Un modello Xenotranest derivato dal paziente per la malformazione Venosa

Published: June 15, 2020
doi:

Summary

Presentiamo un protocollo dettagliato per generare un modello murine xenograft di malformazione venosa. Questo modello si basa sull’iniezione sottocutanea di cellule endoteliali derivate dal paziente contenenti mutazioni genetiche TIE2 e/o PIK3CA iper-attivanti. Le lesioni dello Xenotrapianto ricapitolano da vicino le caratteristiche istopatologiche del tessuto del paziente VM.

Abstract

La malformazione venosa (VM) è un’anomalia vascolare che deriva dallo sviluppo alterato della rete venosa con conseguente venatura dilatata e spesso disfunzionale. Lo scopo di questo articolo è quello di descrivere attentamente la creazione di un modello murine xenograft che imita vm umano ed è in grado di riflettere l’eterogeneità del paziente. Le mutazioni TEK (TIE2) e PIK3CA non ereditarie iper-attivanti nelle cellule endoteliali (EC) sono state identificate come i principali fattori di allargamento della nave patologica nella VM. Il seguente protocollo descrive l’isolamento, la purificazione e l’espansione della EC derivata dal paziente che esprime il TIE2 mutante e/o PIK3CA. Questi CE vengono iniettati sottocutaneamente nella parte posteriore dei topi atimici immunodeficienti per generare canali vascolari ectatici. Le lesioni generate con LA CE mutante TIE2 o PIK3CA sono visibilmente vascolarizzate entro 7-u20129 giorni dall’iniezione e ricapitolano le caratteristiche istopatologiche del tessuto del paziente vm. Questo modello di xenotrapianto VM fornisce una piattaforma affidabile per studiare i meccanismi cellulari e molecolari che guidano la formazione e l’espansione delle macchine virtuali. Inoltre, questo modello sarà strumentale per gli studi traslazionali che testano l’efficacia dei nuovi candidati ai farmaci per prevenire l’allargamento anormale delle navi visto nella VM umana.

Introduction

I difetti nello sviluppo della vascolatura sono la causa alla base di molte malattie, tra cui la malformazione venosa (VM). Vm è una malattia congenita caratterizzata da morfogenesi anormale ed espansione delle vene1. Importanti studi sul tessuto della macchina virtuale e sulle cellule endoteliali (EC) hanno identificato mutazioni di guadagno di funzione in due geni: TEK, che codifica il recettore della chinasi della tirosina TIE2, e PIK3CA, che codifica l’isoforma di p110 (sottounità catalitica) di PI3-chinasi (PI3K)2,3,4,5. Queste mutazioni somatiche si trasgrede in un’iperattivazione indipendente dal ligando delle vie di segnalazione chiave angiogenica/crescita, compreso il PI3K/AKT, con conseguente vene ectatiche dilatate3. Nonostante queste importanti scoperte genetiche, i successivi meccanismi cellulari e molecolari che innescano l’angiogenesi anormale e la formazione di canali vascolari allargati non sono ancora pienamente compresi.
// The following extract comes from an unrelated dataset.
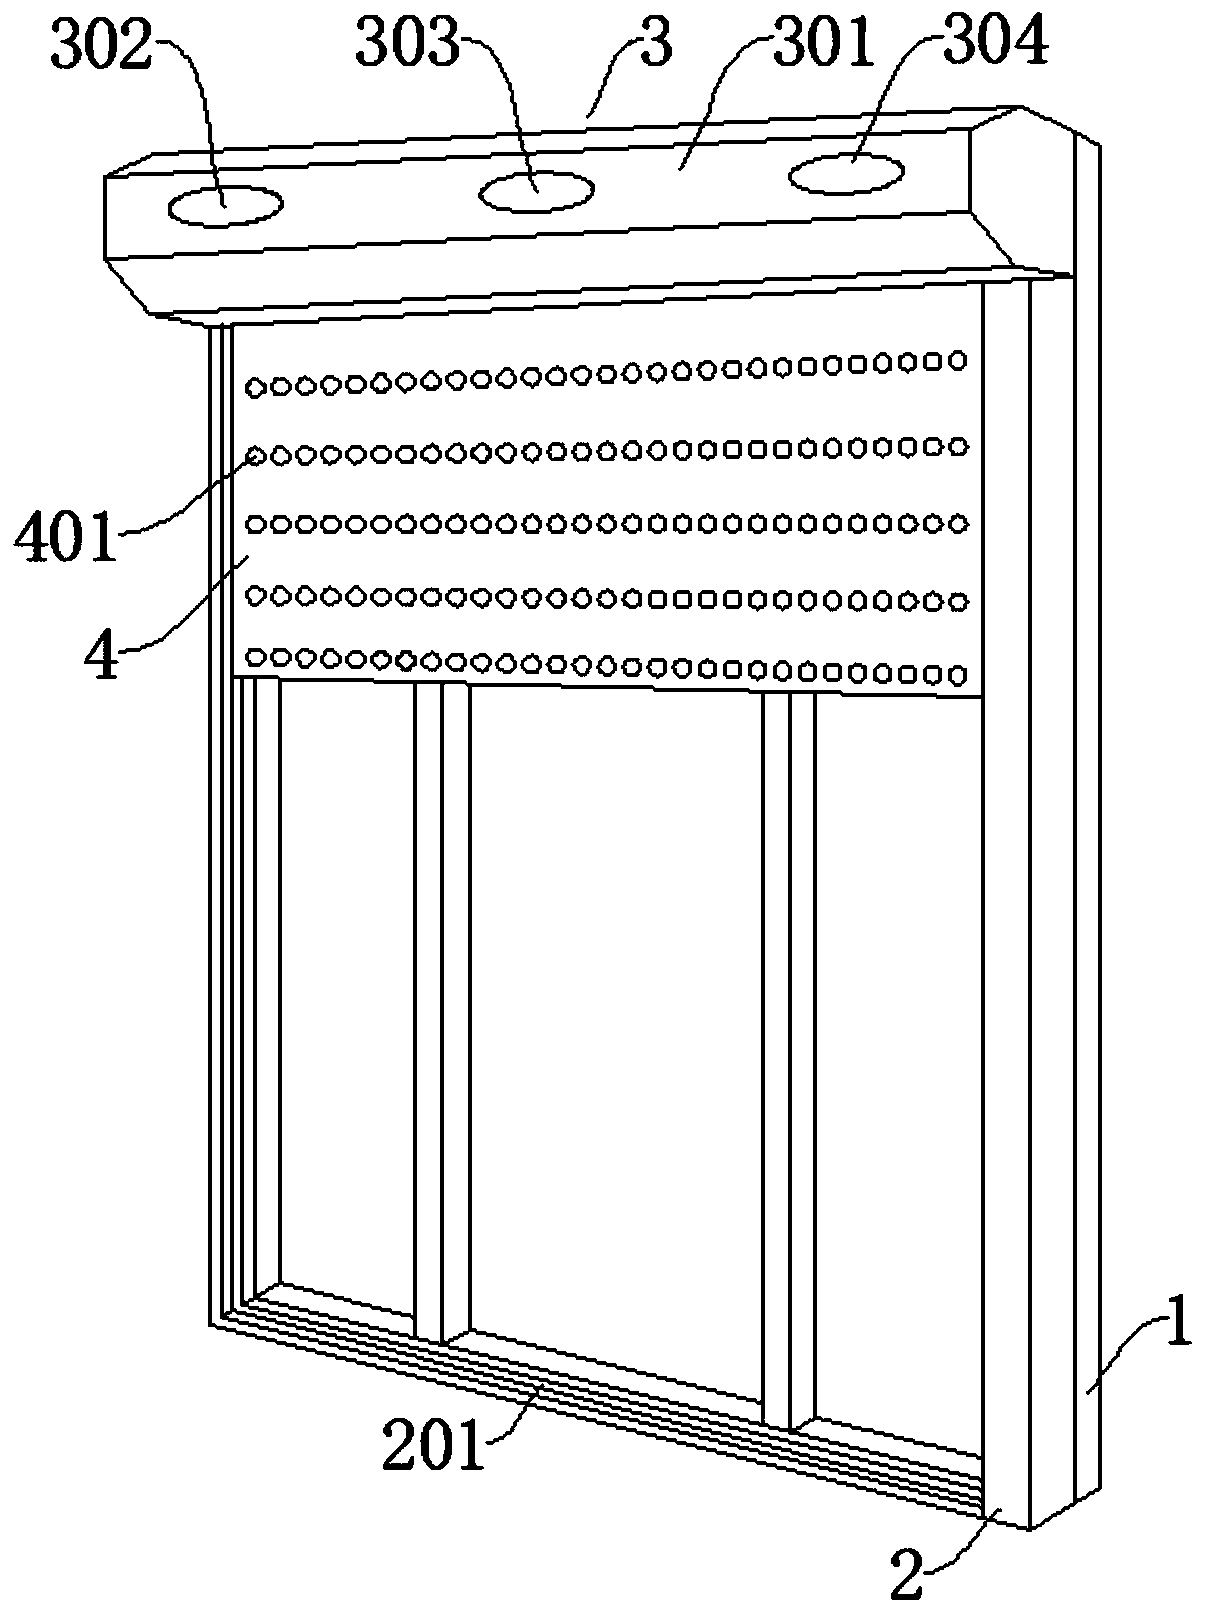 Self-induction type intelligent electric shutter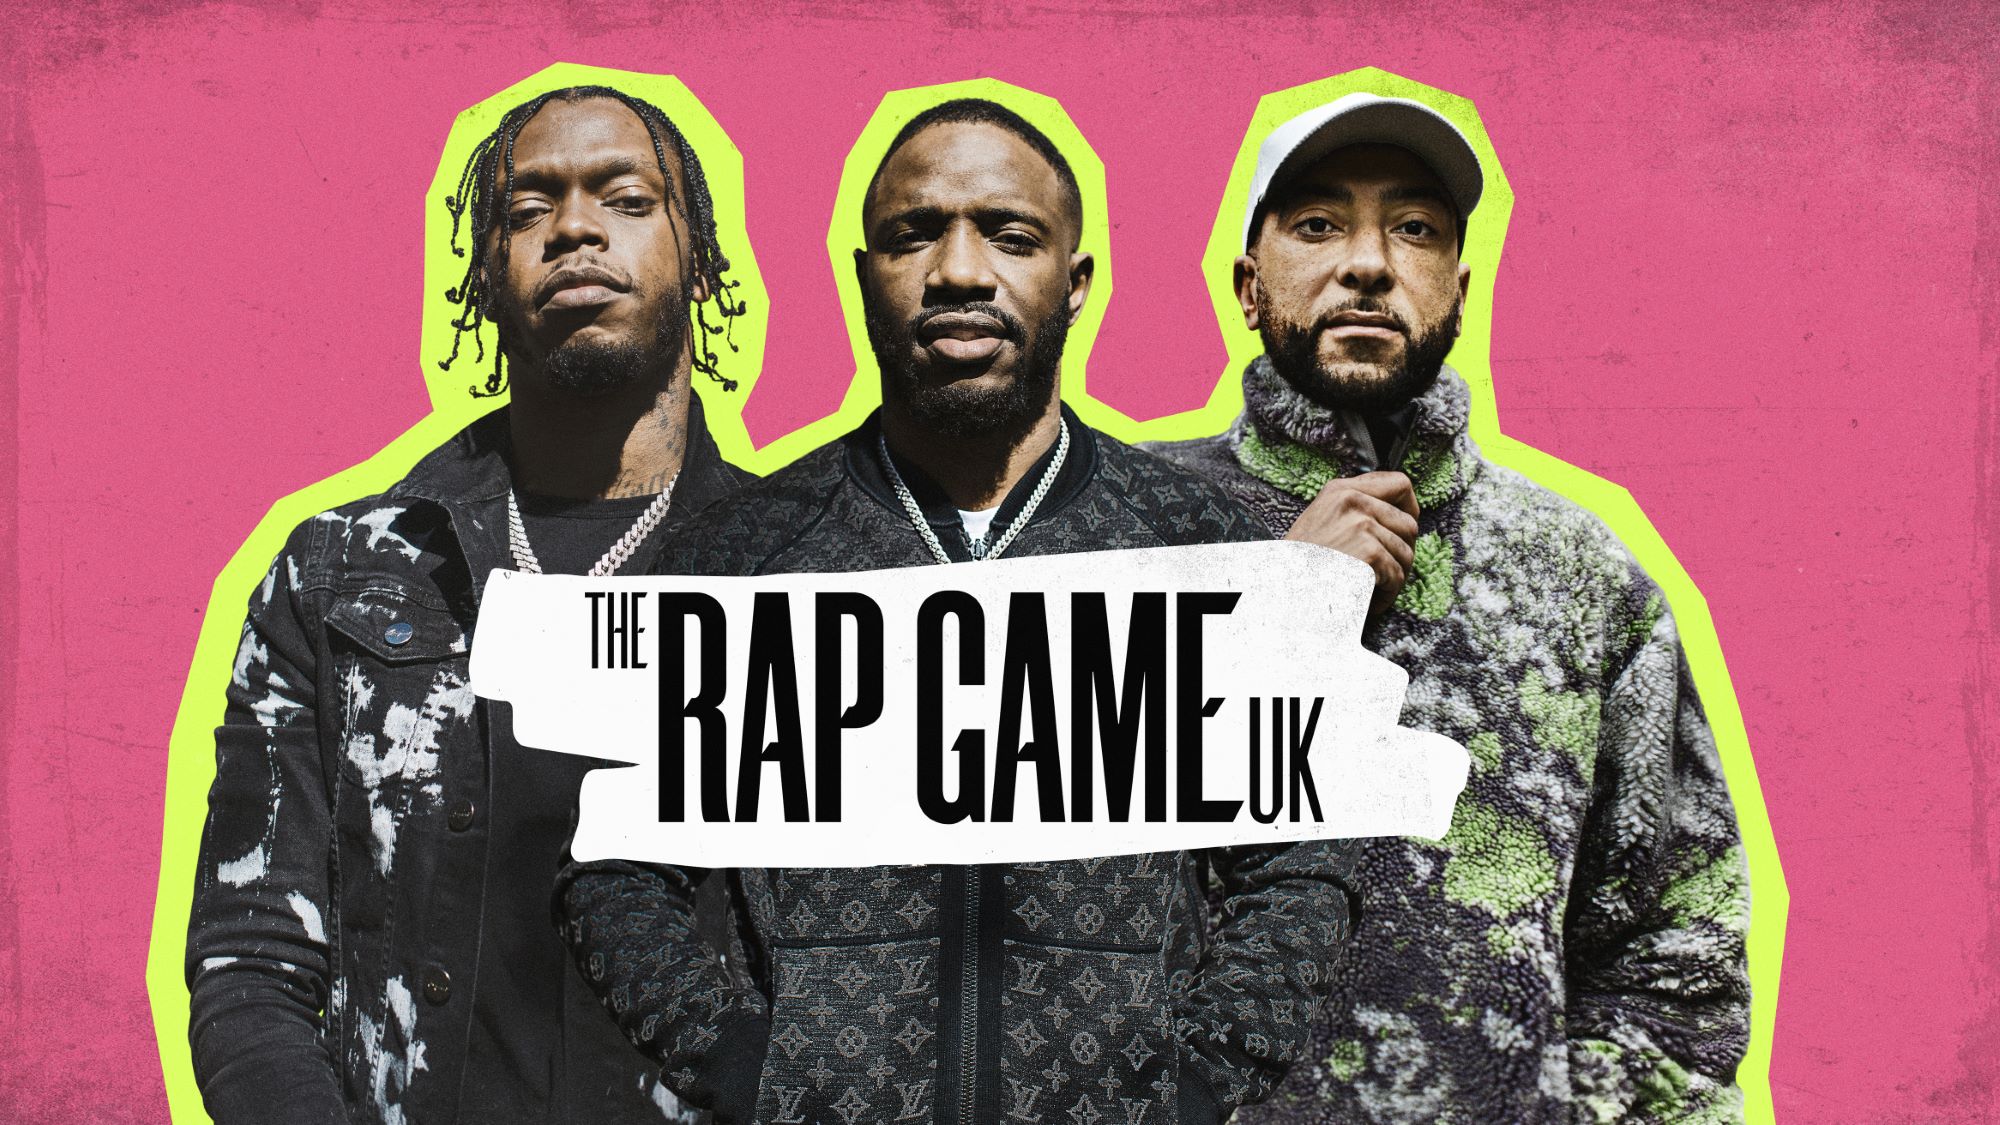 The Rap Game UK 2021 crowns its winner for series 3

Durante l’angiogenesi normale e patologica, i nuovi vasi provengono da una rete vascolare preesistente e la CE subisce una sequenza di importanti processi cellulari tra cui la proliferazione, la migrazione, il rimodellamento della matrice extracellulare (ECM) e la formazione del lume6. Le colture in vitro bidimensionali (2D/3D) della CE sono strumenti importanti per studiare ciascuna di queste proprietà cellulari singolarmente. Tuttavia, vi è una chiara richiesta di un modello murino che ricapitoli l’allargamento patologico delle navi all’interno del microambiente dell’ospite, fornendo al contempo una piattaforma efficiente per la valutazione preclinica di farmaci mirati per la ricerca traslazionale.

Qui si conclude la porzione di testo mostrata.